Biting the hand that brings veterinary care in a bad economy
I have a job so I shouldn’t be complaining. But here comes another one of Dr. K’s “It’s the economy, Stupid!” rants, anyway...
This past week I performed one extensive feline dental (with extractions), undertook a canine spay (with multiple, retained puppy teeth extractions) and treated a dog with severe skin disease...among a multitude of other basic veterinary service offerings.
These three examples, however, were notable for their one similarity: I didn’t get paid. Not a dime. Nada. And I’m not likely to see any of it––ever.
Only one of the three clients behind these wily financial escapades informed me of her difficult financial circumstances ahead of time. Still, I didn’t think the $67 bill for this new client’s itchy dog (which I hustled to keep at a seriously bare minimum) would go unpaid as a result of her sad story. Instead, I received a promissory note to pay in three installments. (Three!) Not even a five-dollar bill in her possession as an act of good faith.
Then there were the other two. They received estimates in advance. They received phone calls during the procedure to obtain approvals for estimate adjustments based on the new circumstances. And in both cases they OK’ed the dental extractions. (So you know, it’s hard to know you need to perform extractions until you get a pet under and perform a thorough oral exam, ideally with X-rays).

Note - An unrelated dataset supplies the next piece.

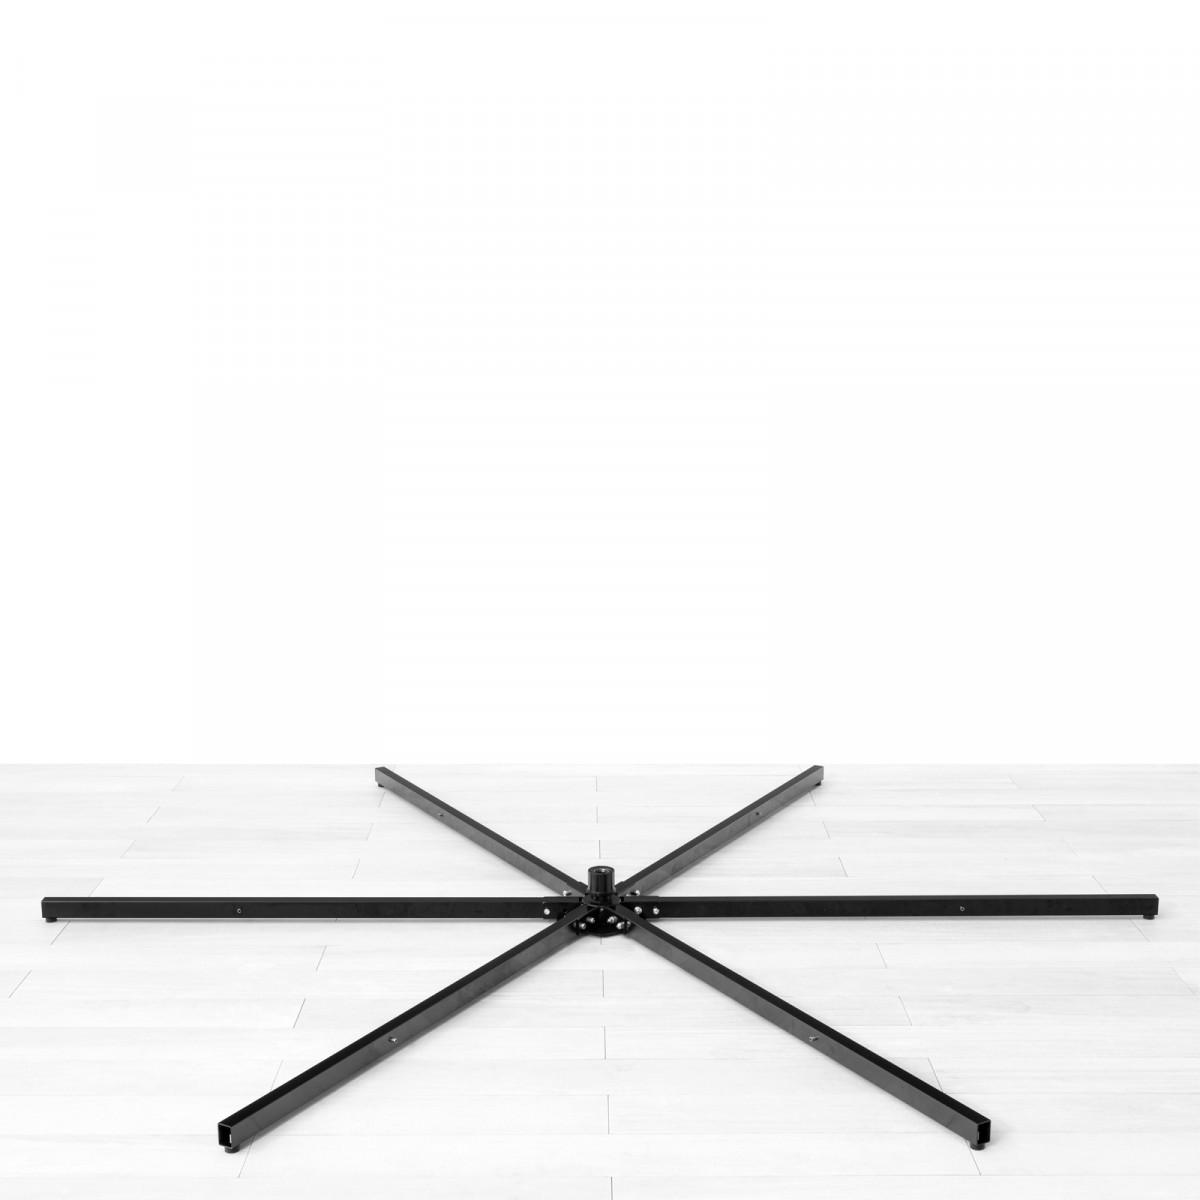 L legs Kit for Pole Hive Podium

Yet both parents arrived to take home their babes having conveniently forgotten their wallets. What are you going to do? Take back the E-collar and the pain meds until they pay? Hold the pets for ransom?
Last week's parvo pup nonpayment at least came through with half. But these others? I'm pretty sure they're gone for good. And some might say...good riddance.
This is happening more and more often to us. Twelve months ago it might have raised eyebrows to hear someone confess to having left a checkbook home, but we would have let it slide with the aplomb of those who know it’s a rare occurrence...and know they’ll see these clients again.
Lately, however, there’s a new game afoot. We’ve been getting at least one unpaid-for, never-see-‘em-again bills a week––and, by this, I mean they’re not from our tried-and-true regulars.
That’s why my policy is changing. Forgive me for asking for your dollars up front, but when I don’t know you well and I’ve just worked for an hour on your pet and spent untold dollars on X-rays and surgical packs and staff, what’s my alternative? Risk the wallet trick?
You may think me callous. If you were to be arrive at my hospital not knowing my predicament you might even think me a money-grubbing, veterinary Machiavelli.
But I’m not. Not at all. Tell me you can’t pay today and I swear I’ll help. I’ll find freebies to treat fleas and other parasites. I’ll swing a shot. I’ll cough up some antibiotics. I’ll do what can. But don’t make me feel like a chump.
The best thing you can do in this economy is to ask for a willing hand. The worst thing you can do is bite it.